▸ **Problem requirements**
The response should contain all of the data below, reproduced exactly, and no pictures.

▸ **Provided data**
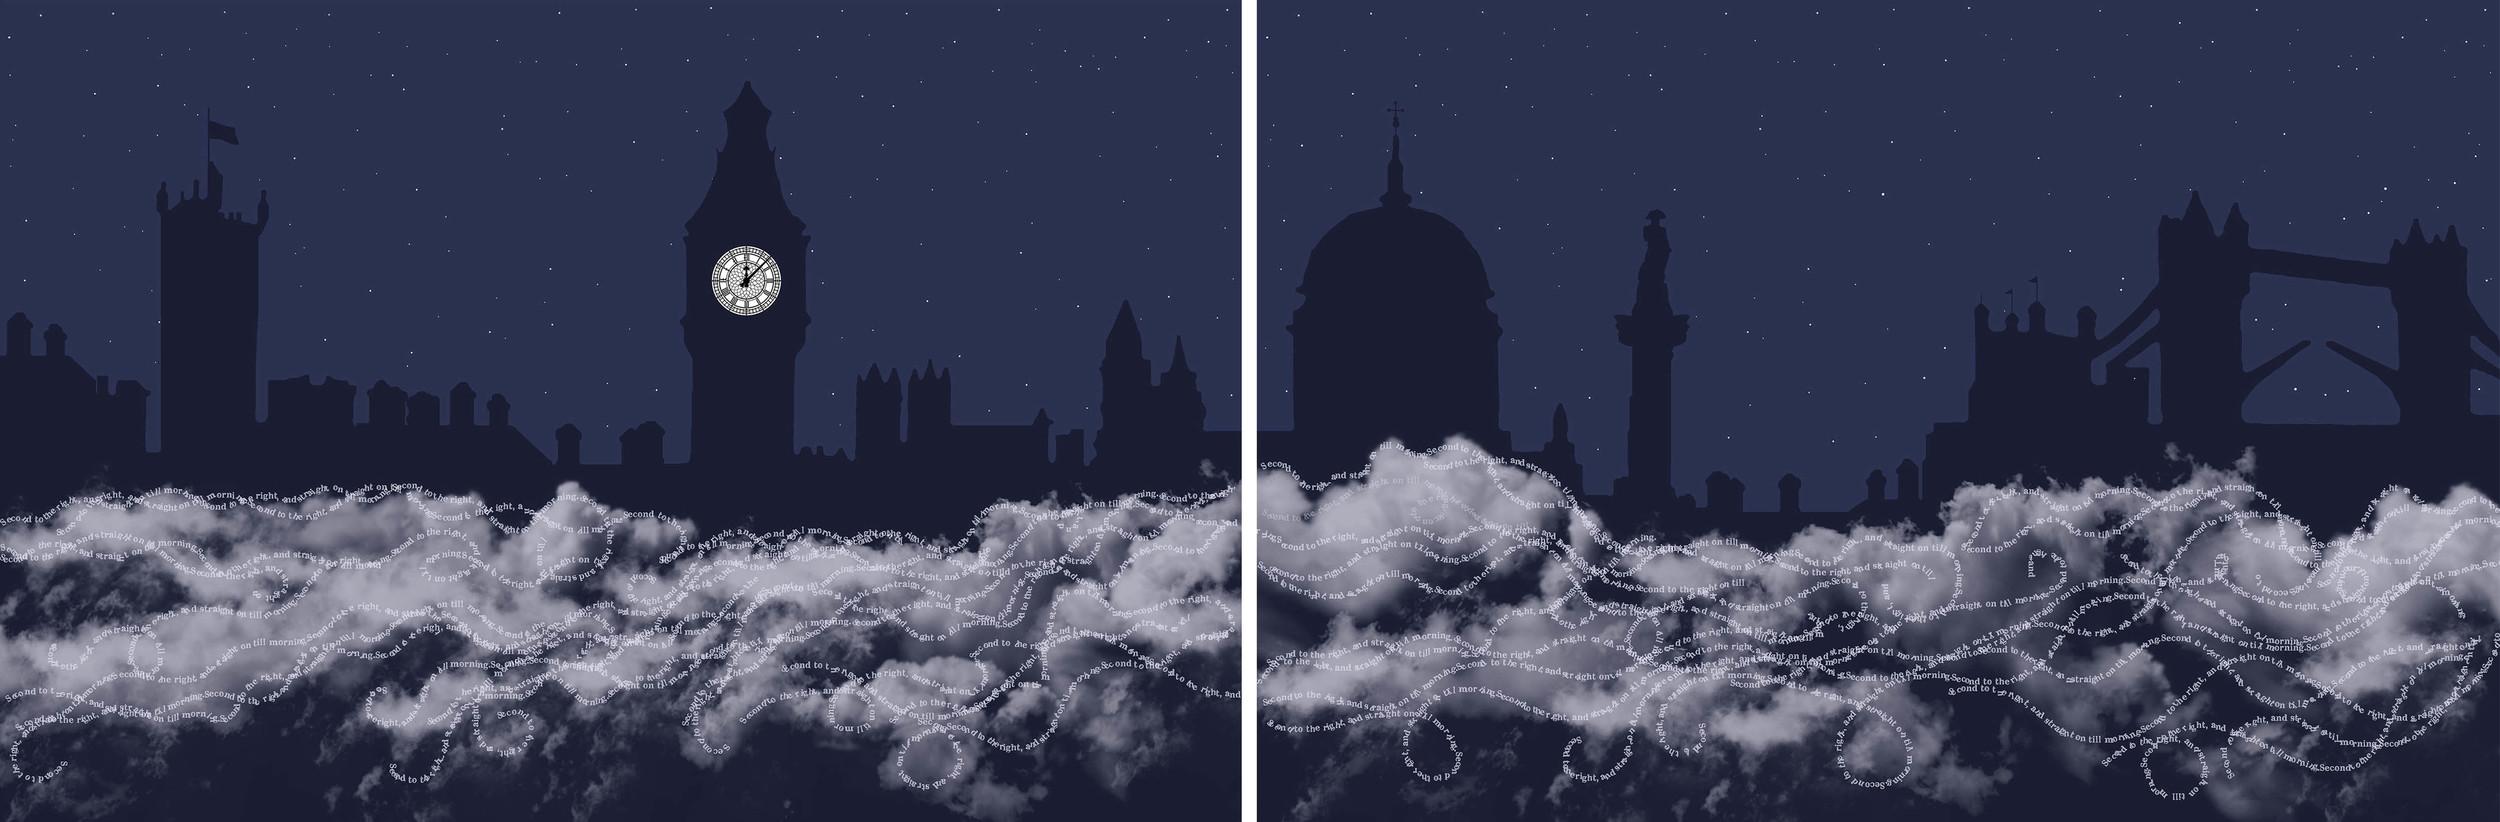 Peter Pan - combined skyline copy.jpg
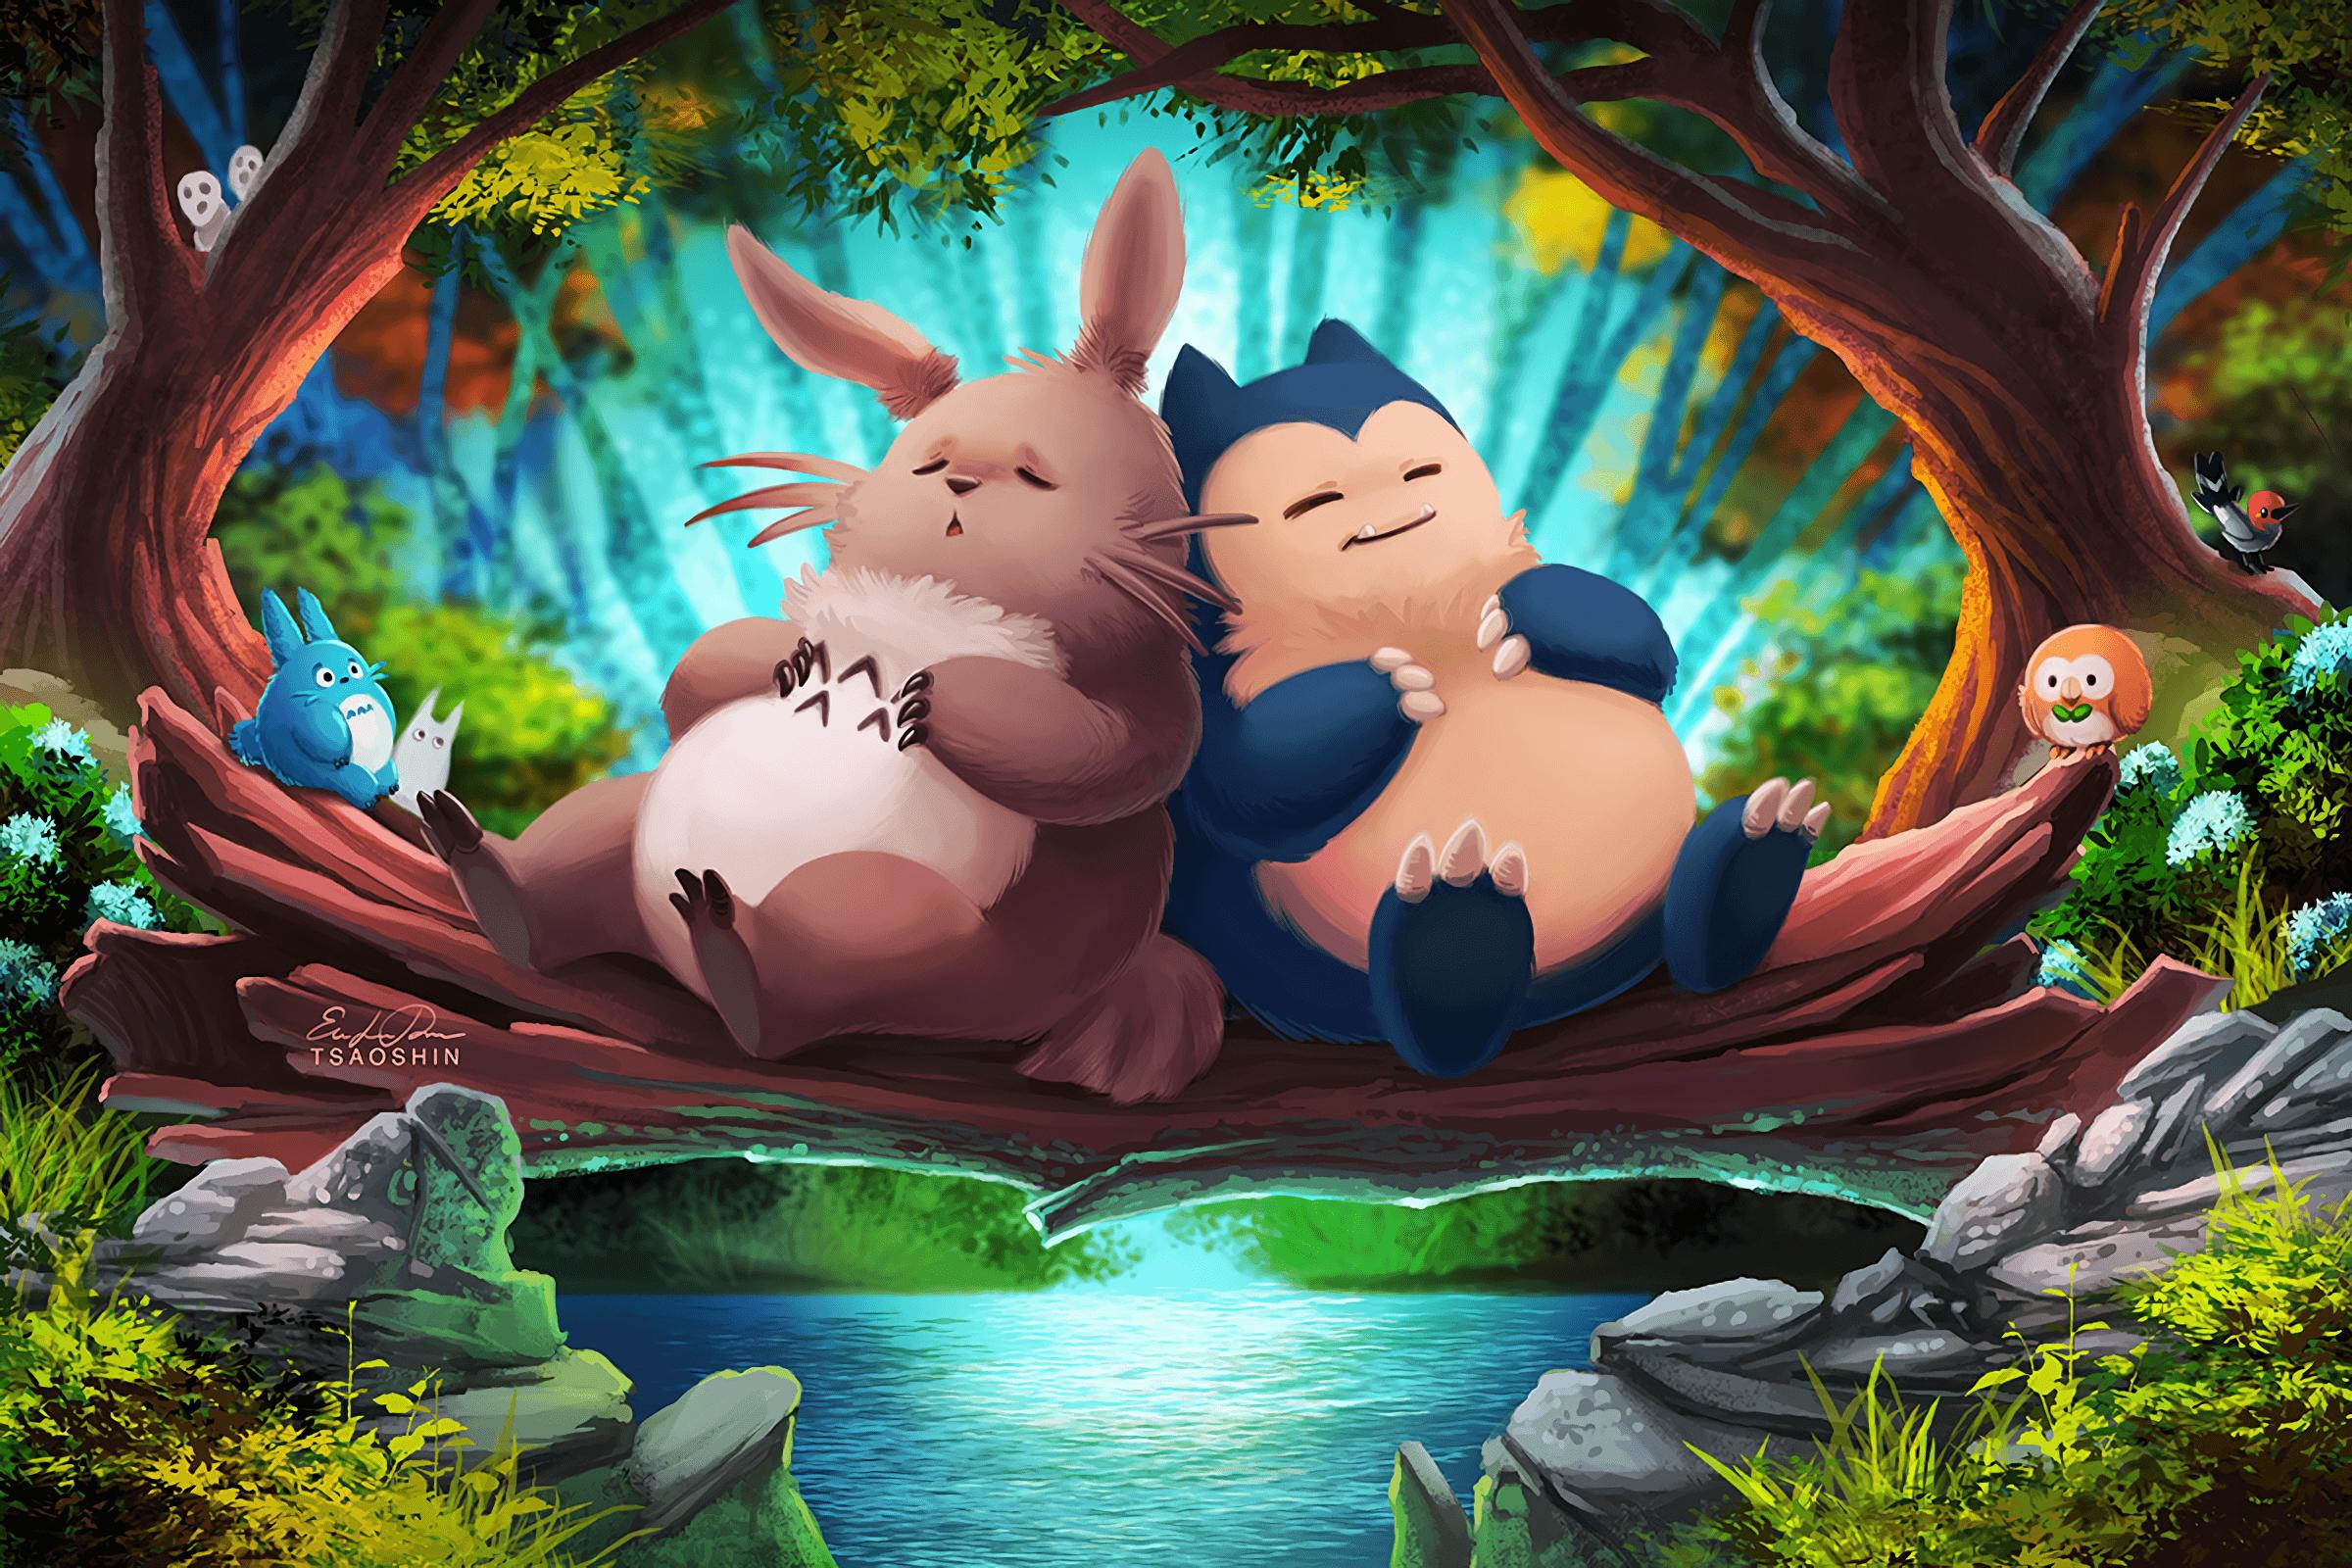 Totoro Pikachu Wallpapers - Top Free Totoro Pikachu ...
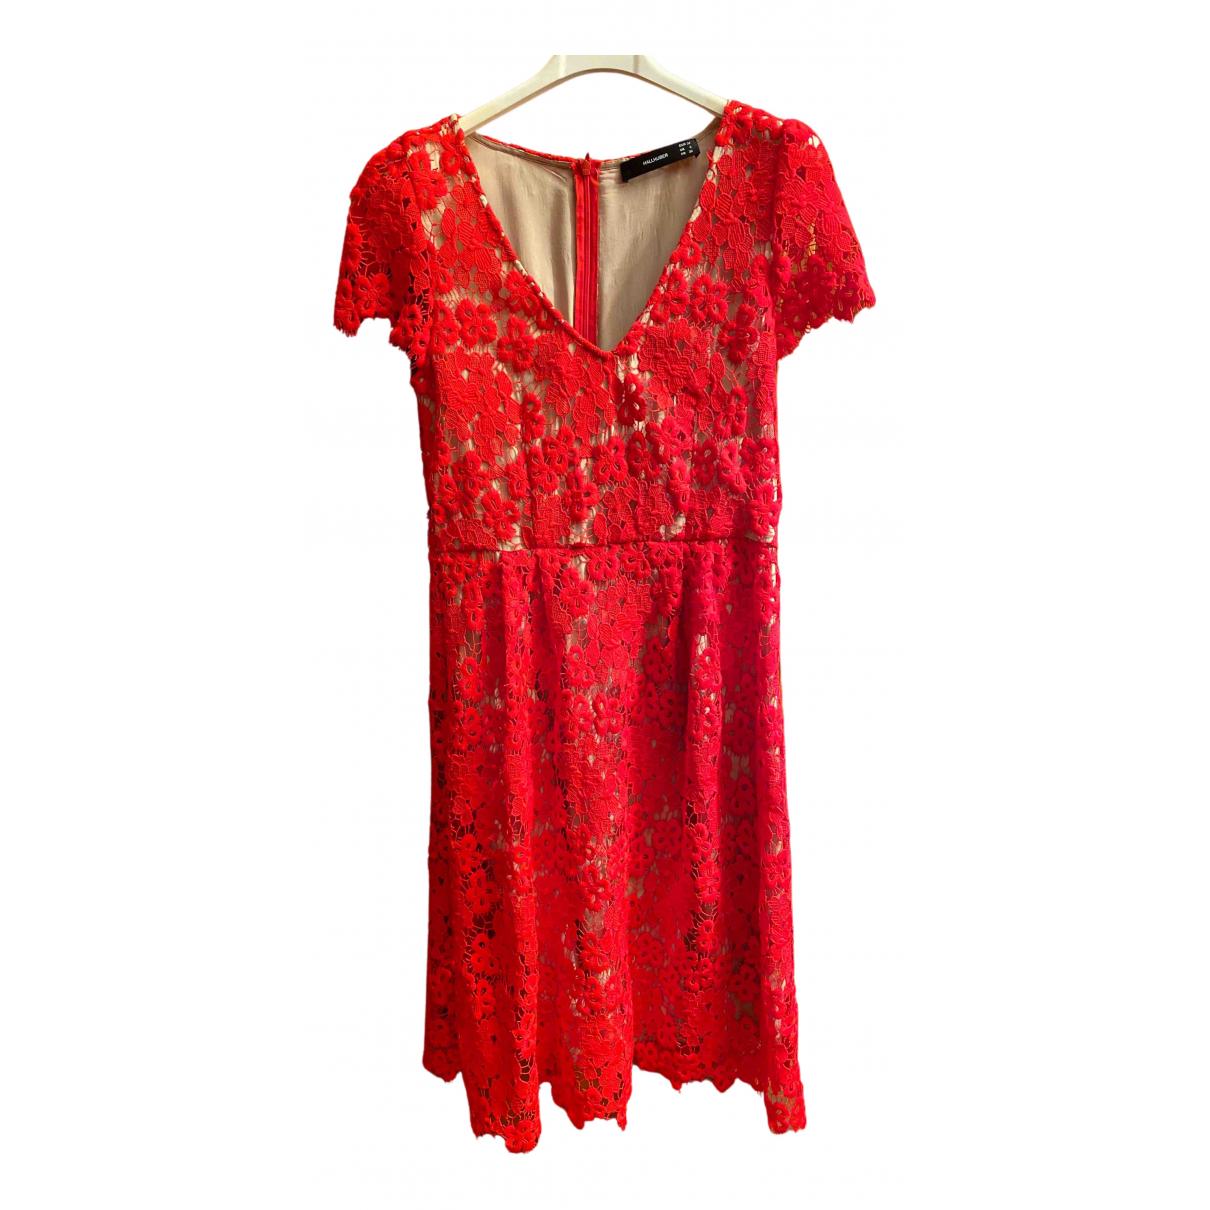 Hallhuber \N Kleid in  Rot Polyester

▸ **Result**
 Peter Pan - combined skyline copy.jpg
 Totoro Pikachu Wallpapers - Top Free Totoro Pikachu ...
 Hallhuber \N Kleid in  Rot Polyester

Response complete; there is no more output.